There is no traditional game UI baked into the art. The AI paints the world in whatever style you pick — "stick figure on grid paper" or "cyberpunk noir" — and the dialogue panel and choice buttons are a light HTML layer drawn on top, tuned to sit over the scene.
---
## One-click deploy
[![Deploy with Vercel](https://vercel.com/button)](https://vercel.com/new/clone?repository-url=https://github.com/YOUR_USERNAME/yume&env=TEXT_BASE_URL,TEXT_API_KEY,TEXT_MODEL,IMAGE_BASE_URL,IMAGE_API_KEY,IMAGE_MODEL,VISION_BASE_URL,VISION_API_KEY,VISION_MODEL&envDescription=Three%20independently%20configurable%20providers.%20Any%20OpenAI-compatible%20endpoint%20works.&envLink=https://github.com/YOUR_USERNAME/yume%23environment-variables)
After deploy, set the nine environment variables (see below) in your Vercel project. That's it.
---
## Environment variables
Three providers, all independently configurable. Any OpenAI-compatible chat / image endpoint works (OpenAI, Anthropic via OpenAI-compat proxy, Gemini, OpenRouter, DeepSeek, local Ollama, …).
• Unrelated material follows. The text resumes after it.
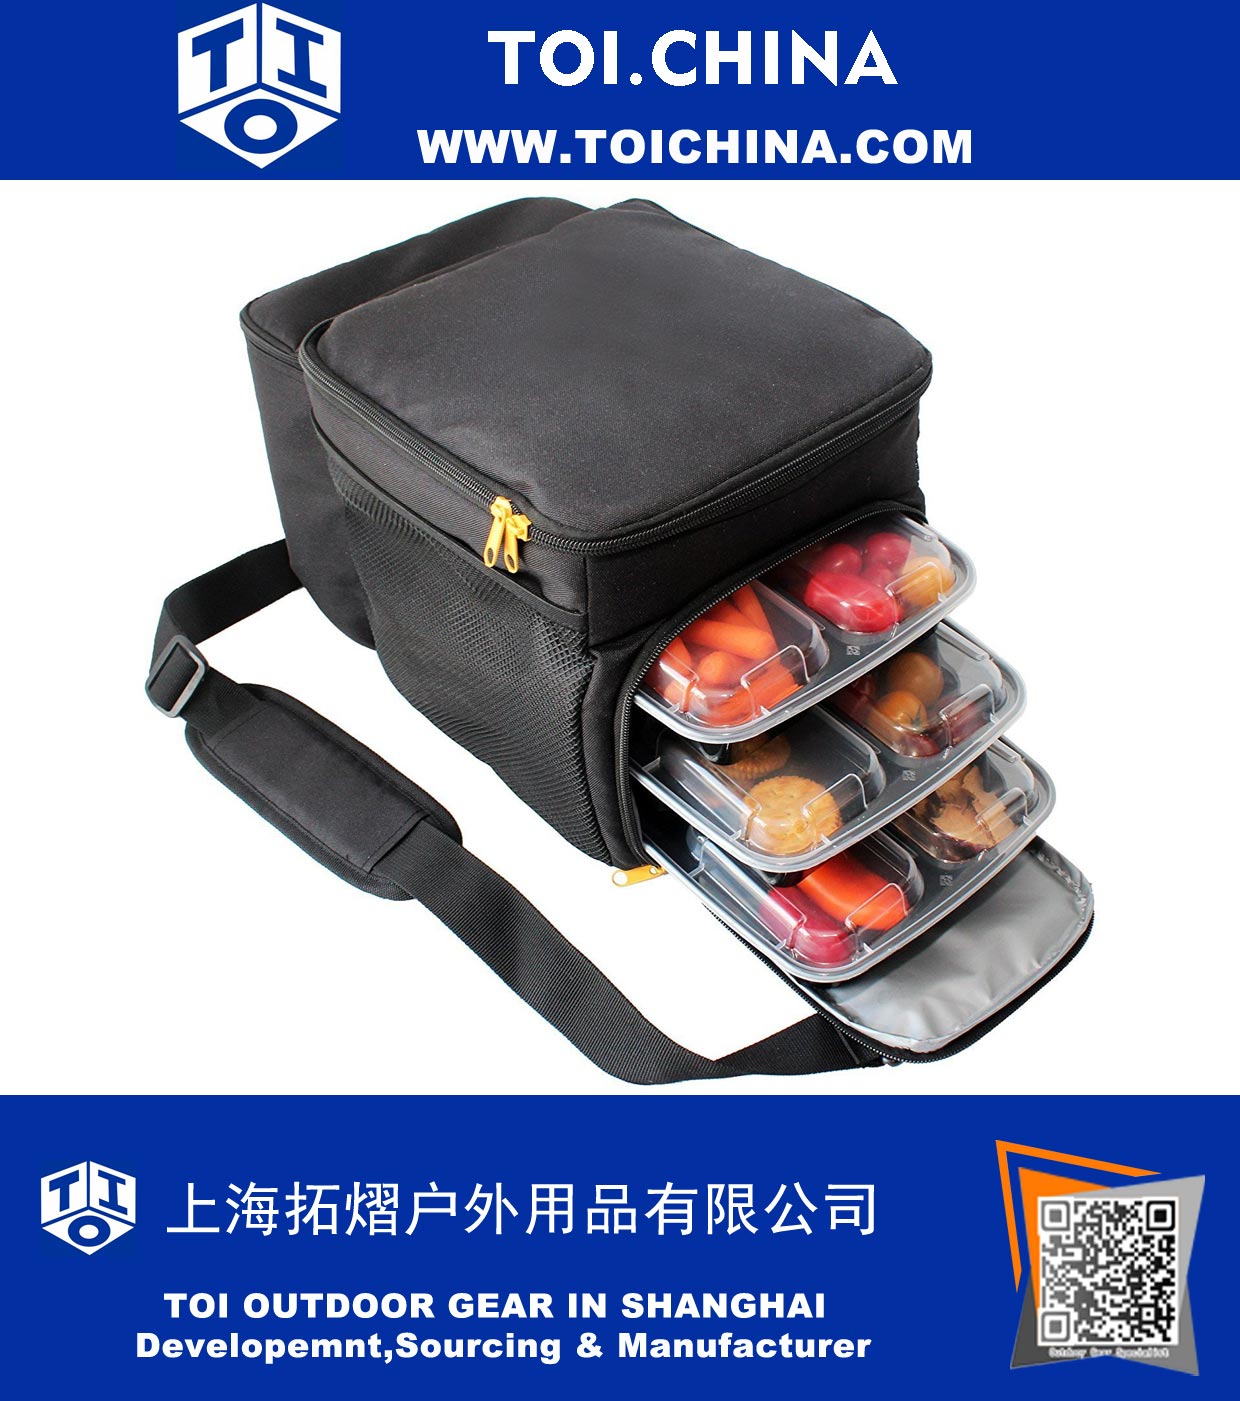 Resfriador para Refeições e Bolsa de Viagem com 6 Recipientes Multi Compartimento de Controle de Porções (3 na bolsa e 3 extra) e Bolsa de Gelo

| Provider | Variables | Recommended |
|---|---|---|
| Text · story director | `TEXT_BASE_URL` `TEXT_API_KEY` `TEXT_MODEL` | `claude-opus-4-7` via Anthropic |
| Image · UI renderer | `IMAGE_BASE_URL` `IMAGE_API_KEY` `IMAGE_MODEL` | `gpt-image-2` via OpenAI |
| Vision · click reader | `VISION_BASE_URL` `VISION_API_KEY` `VISION_MODEL` | `gemini-3-flash` via Google |
See `apps/web/.env.example` for the exact shape.
---
## Local development
Requires Node 20+ and pnpm 9+.
```bash
pnpm install
cp apps/web/.env.example apps/web/.env.local
# fill in the nine env vars
pnpm dev
# open http://localhost:3000
```
---
## Project layout
```
yume/
├── apps/web/ Next.js 16 app — pages + API routes
└── packages/
├── types/ shared TypeScript types
├── ai-client/ unified OpenAI-compatible clients
└── engine/ three-stage AI orchestration (open core)
```
`packages/engine` is the open core — pure TS, no Next.js or browser dependency. Import it directly to build your own visual-novel front-end (Tauri, Electron, CLI, anywhere).
---
## Cost & limits
Each **scene** costs roughly **\$0.150.25** in API fees with the recommended model trio (one text + one image call); tapping through a scene's beats is free. To keep transitions instant, the engine also **pre-generates scenes you might pick but don't** — so real spend runs somewhat higher than the scenes you actually see. There is no rate limiting or auth out of the box — if you make your deployment public, your bill will reflect that. Add limits (and consider lowering the prefetch depth) before sharing widely.